Let’s calm down, Guy Ritchie.
I had such high hopes for you after “Lock, Stock, and Two Smoking Barrels” and “Snatch.” I suppose I should have known that something was amiss after the latter of those two movies; it didn’t exactly show a whole lot of range.
Nevertheless, directors have and do make nice careers out of making the same movie over and over again. Heck, you can do that with books or music or anything nowadays. I doubt the next John Grisham book is going to be a farcical Renaissance drama, and the Rolling Stones probably aren’t going to do a funk album at this juncture.
That’s okay, though! You tried to do the same thing in “RockNRolla,” which wasn’t even up to the snuff of your other movies. It’s always a bad sign when a director flubs his specialty. I’m skipping over the infinitely regrettable “Swept Away,” as well as the simply bad “Revolver,” because I’m not convinced you actually tried to make those good.
It looked like you did in “RockNRolla,” though, and that’s pretty bad. That movie had some of the same pacing issues that I observed in “Step Up 2.” Even if somehow and some way it could be possibly construed as a good comparison, you don’t want to be in the same sentence with “Step Up 2.”
You’re better than that, because of your first two movies, along with 2009’s “Sherlock Holmes” shows. The first installment in this series was plain fun. I didn’t think Robert Downe, Jr. could pull off the accent as well as he would need to, but he ended up doing okay. It was a novel take on the source material, even if the source material probably didn’t place as much emphasis on really serious violence.
This second version – man, oh, man. I have no idea what’s going on in this movie. I don’t. I get really into the movies that I’m trying to review, generally, because I like to let the movie try and convince me of its quality. You got to give it a fair shot. Ladies and germs, I gave this movie a fair shot. No one likes a good two-hour exhibition of violence better than me.
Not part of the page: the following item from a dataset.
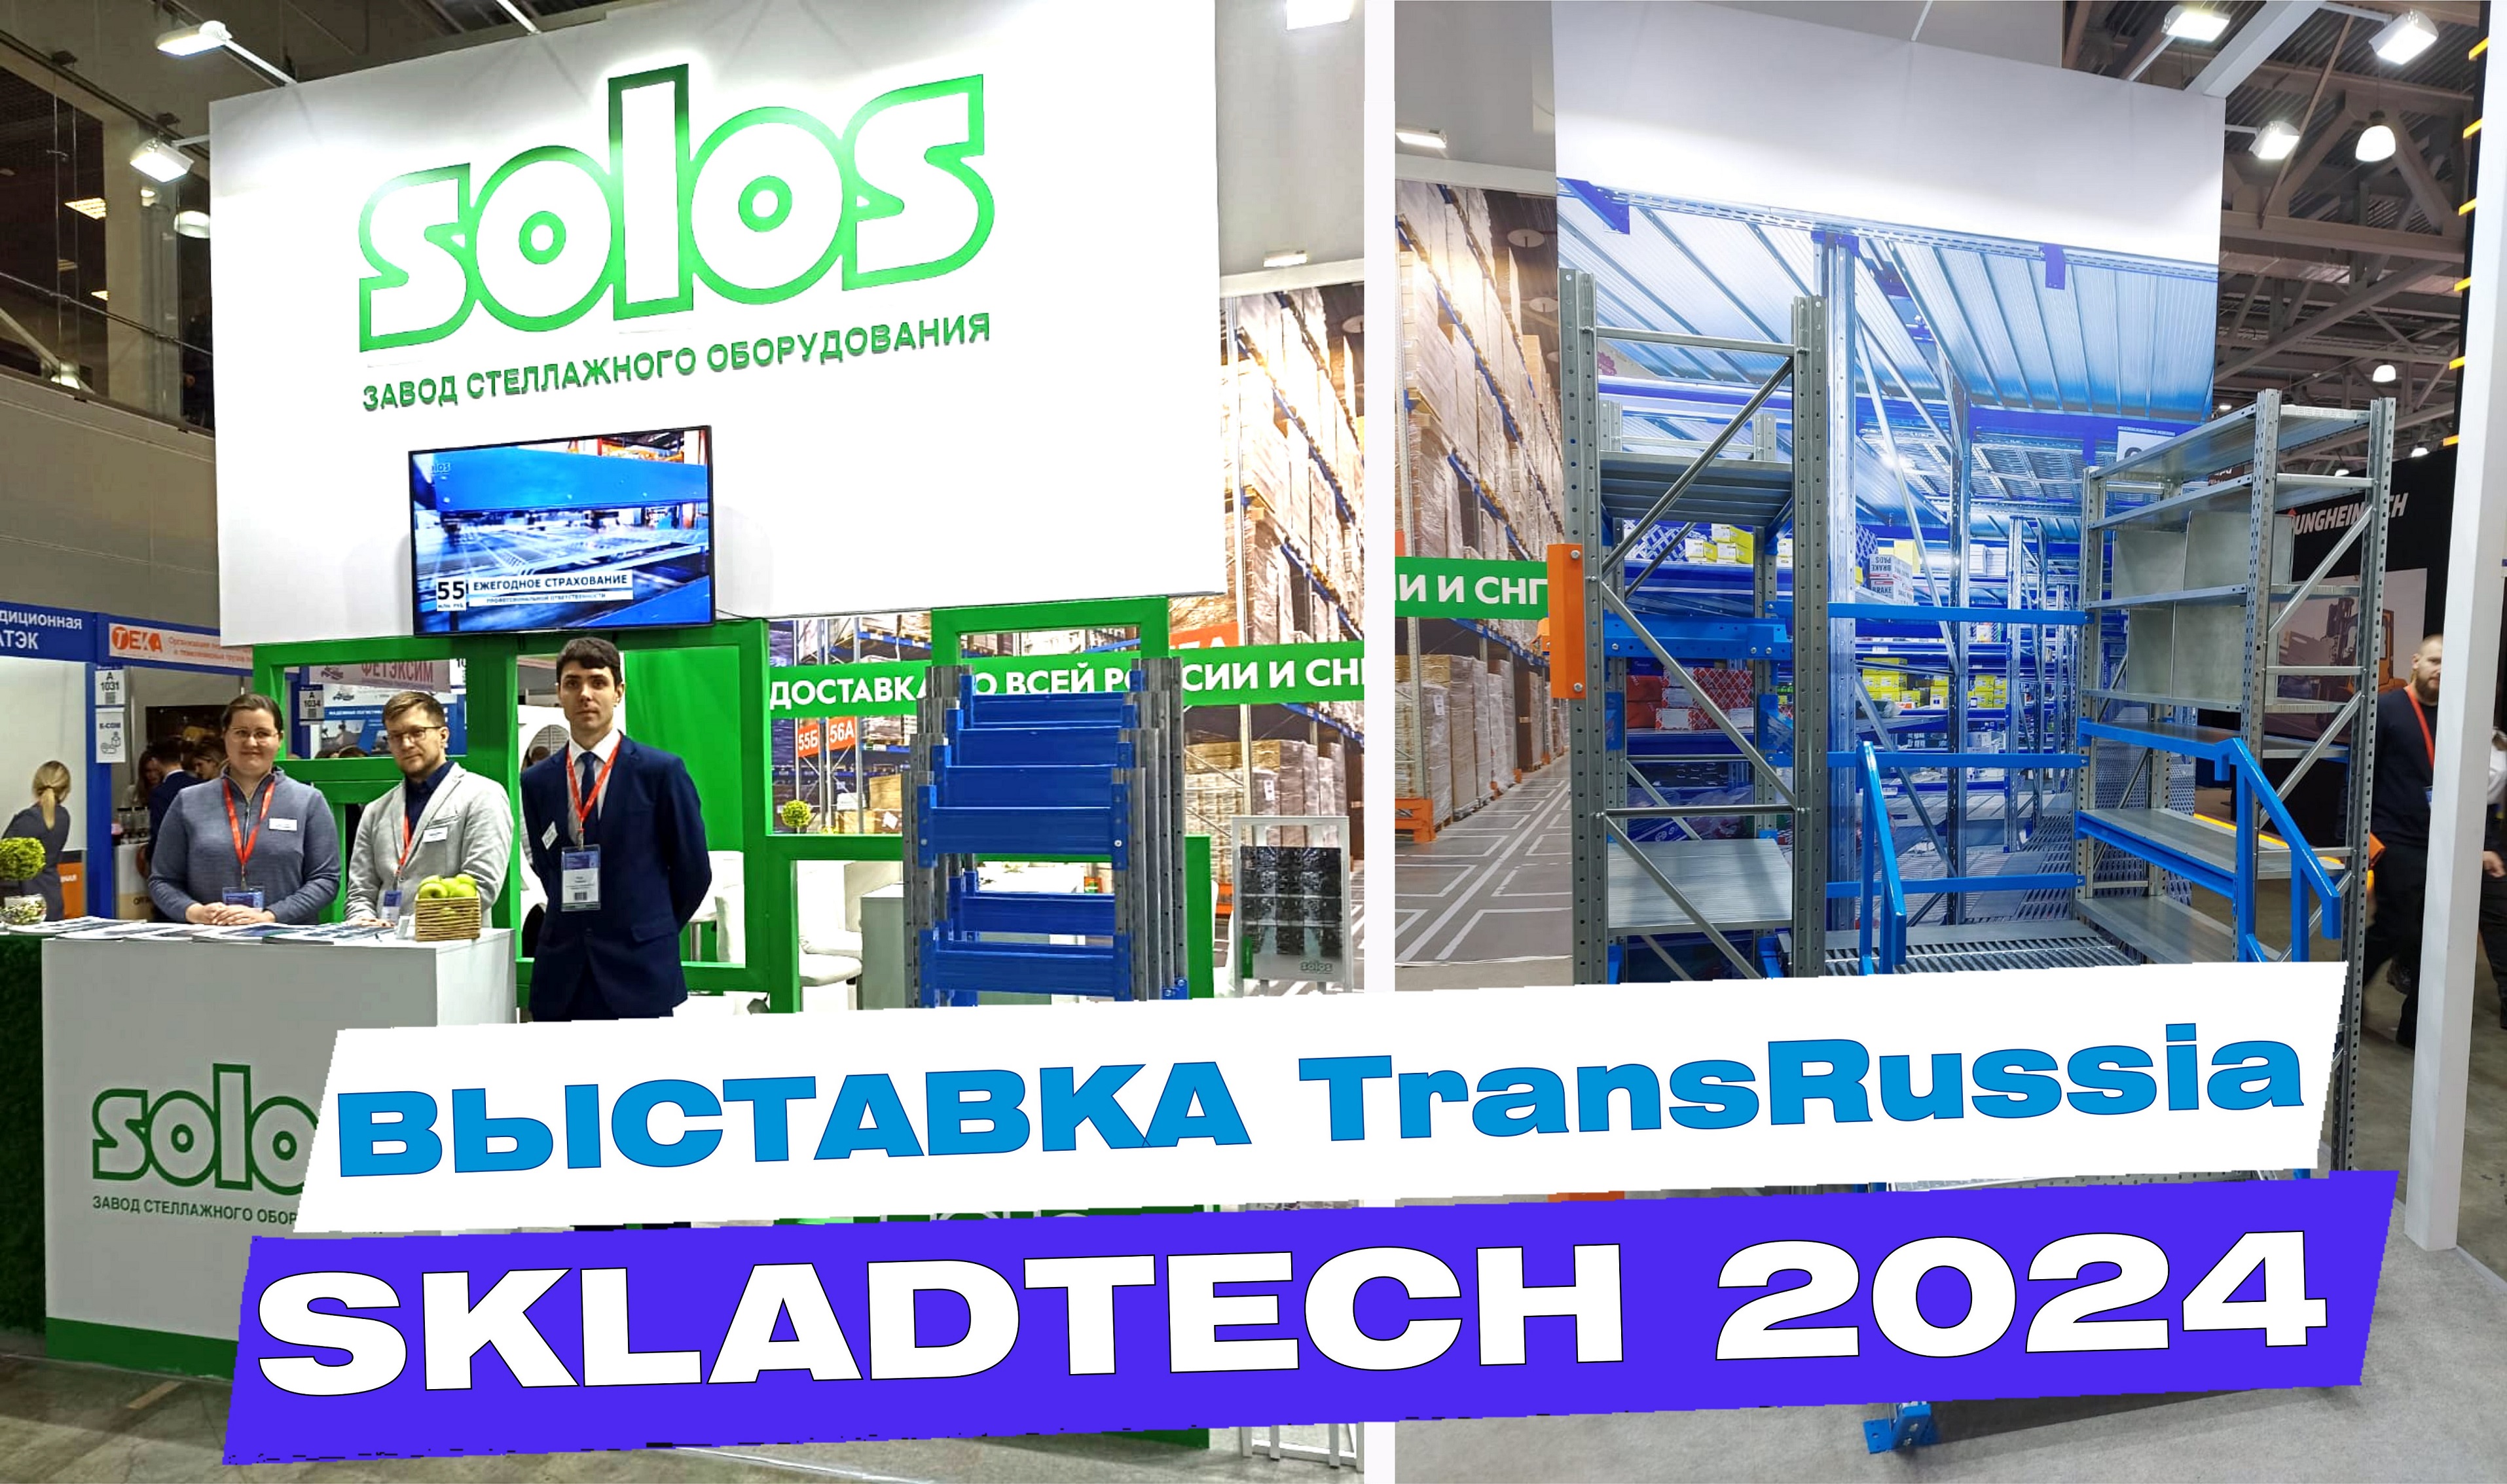 Завод SOLOS на выставке TransRussia_SkladTech 2024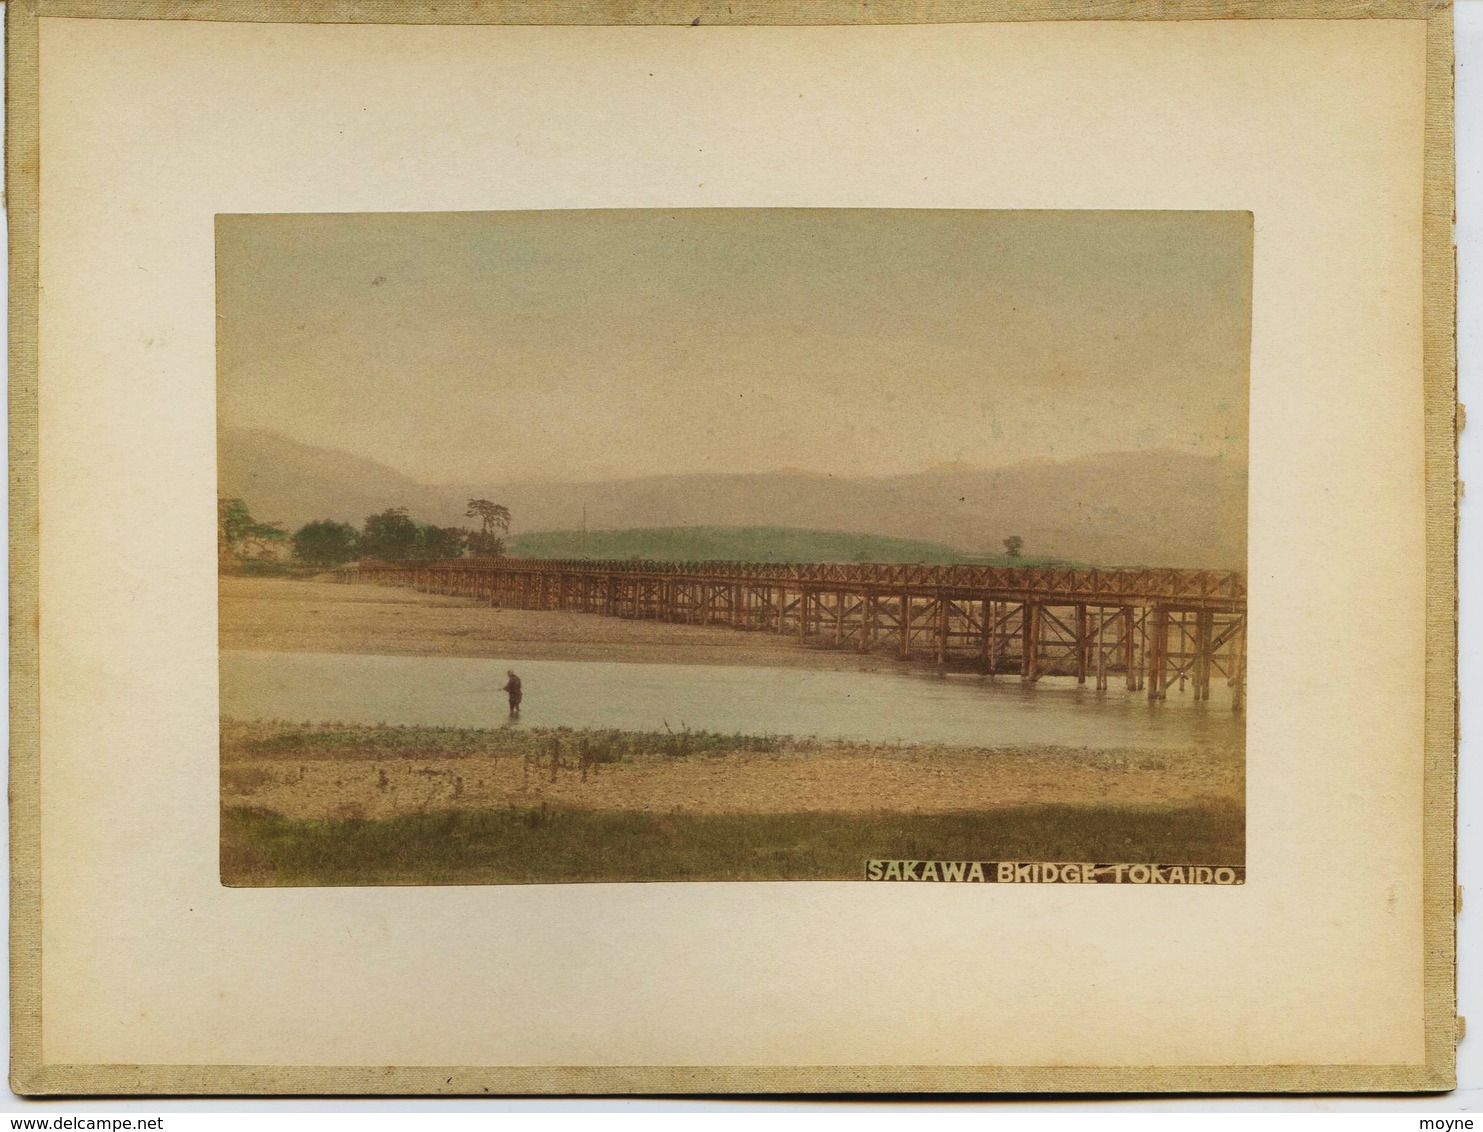 2 Photos Du Japon - XIXéme - Sur Papier Albuminé - 1) SAKAWA BRIDGE TOKAIDO ( Disparu ?? )  - 2) MARCHE AUX FLEURS ?? - Old (before 1900)

After an extended sequence where Downey, Jr. uses a piece of fruit and a piece of classical music to take down a group of thugs, though, I kind of lost the ability to reason for the duration of the film. For a movie that purports to feature the world’s smartest detectives, this movie sure has a whole lot of really dumb stuff in there.
Sherlock Holmes (Downey) tricks Watson (Jude Law, in a performance sent through the post) by appearing in camouflage, which was camouflage of a wall and a bookshelf. That’s right. The world’s most brilliant mind is spending his days designing camouflage that only works in exactly one corner of his house. Some of this stuff wouldn’t make it on even the worst episodes of “Law and Order: SVU,” and people who watch that will believe anything.
I have to give this movie the vaunted one-and-a-half out of four stars. Robert Downey, Jr. will be getting near Johnny Depp’s territory if he keeps making movies like this. That’s not a good thing, unless you’re on board with crossing the line from in-on-the-joke to outright parody.